Let’s get one thing out there right away: Plateaus are a totally normal part of any weight-loss journey. They happen to even the most arduous and motivated health warriors. So don’t beat yourself up if the scale is no longer budging, ya hear? You’re not doomed!

Here’s the thing—some estimates suggest that a large share of people who diet will hit a plateau at some point. That’s the vast majority of us! So if you’re feeling frustrated right now, just know you’re in very good company. The scale stalling doesn’t mean you’ve failed or that your body is somehow broken. It just means your body is doing what bodies do: adapting.

In order to turn things around, your weight-loss strategy most likely needs a few tweaks. Read on to find out the most common exercise and diet traps, and what you can do to bust out of them.

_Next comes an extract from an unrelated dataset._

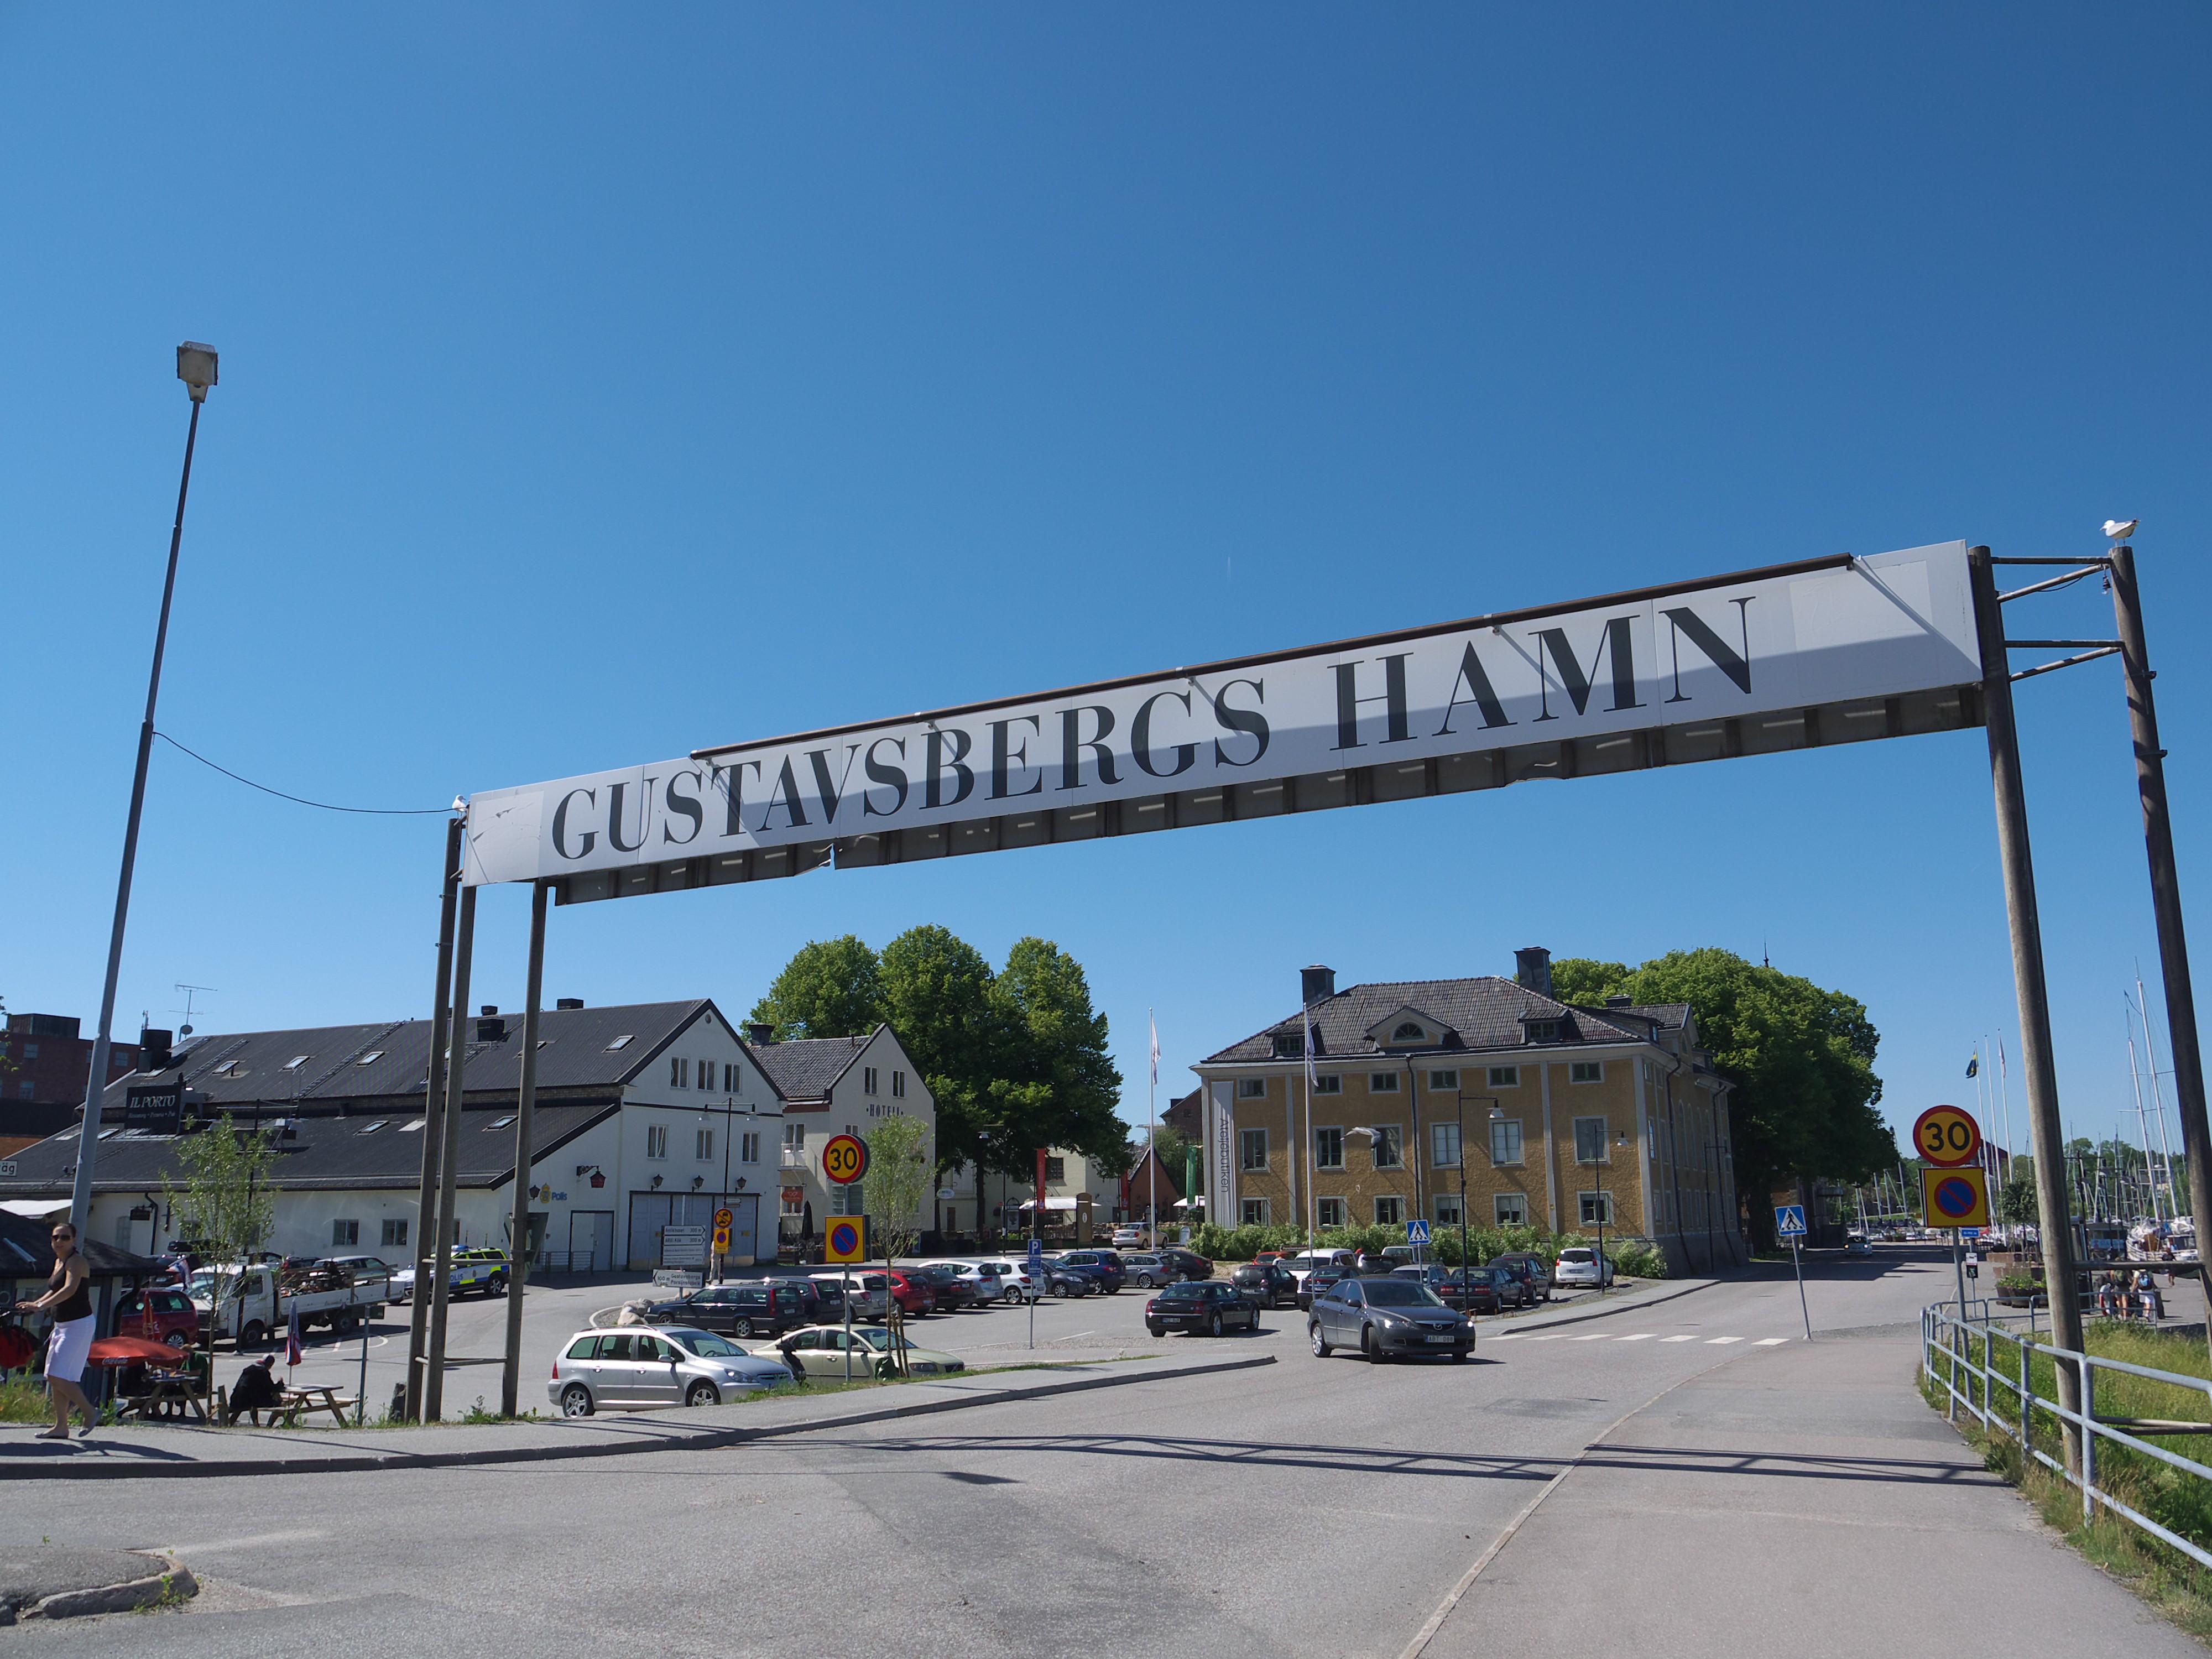 スウェーデン・ストックホルム近郊、ぶらり日帰り旅でお気に入りスポットを見つけよう!

Woman training on ellipseWoman training on ellipse
photo credit: iStock

Exercise Culprits

On the fitness side of the equation, there are two main reasons your results may be tapering off. The first: You’re doing the same thing day after day. The second: You’re doing too many different things each week, according to Craig Ballantyne, C.S.C.S., professional trainer, and author of The Great Cardio Myth.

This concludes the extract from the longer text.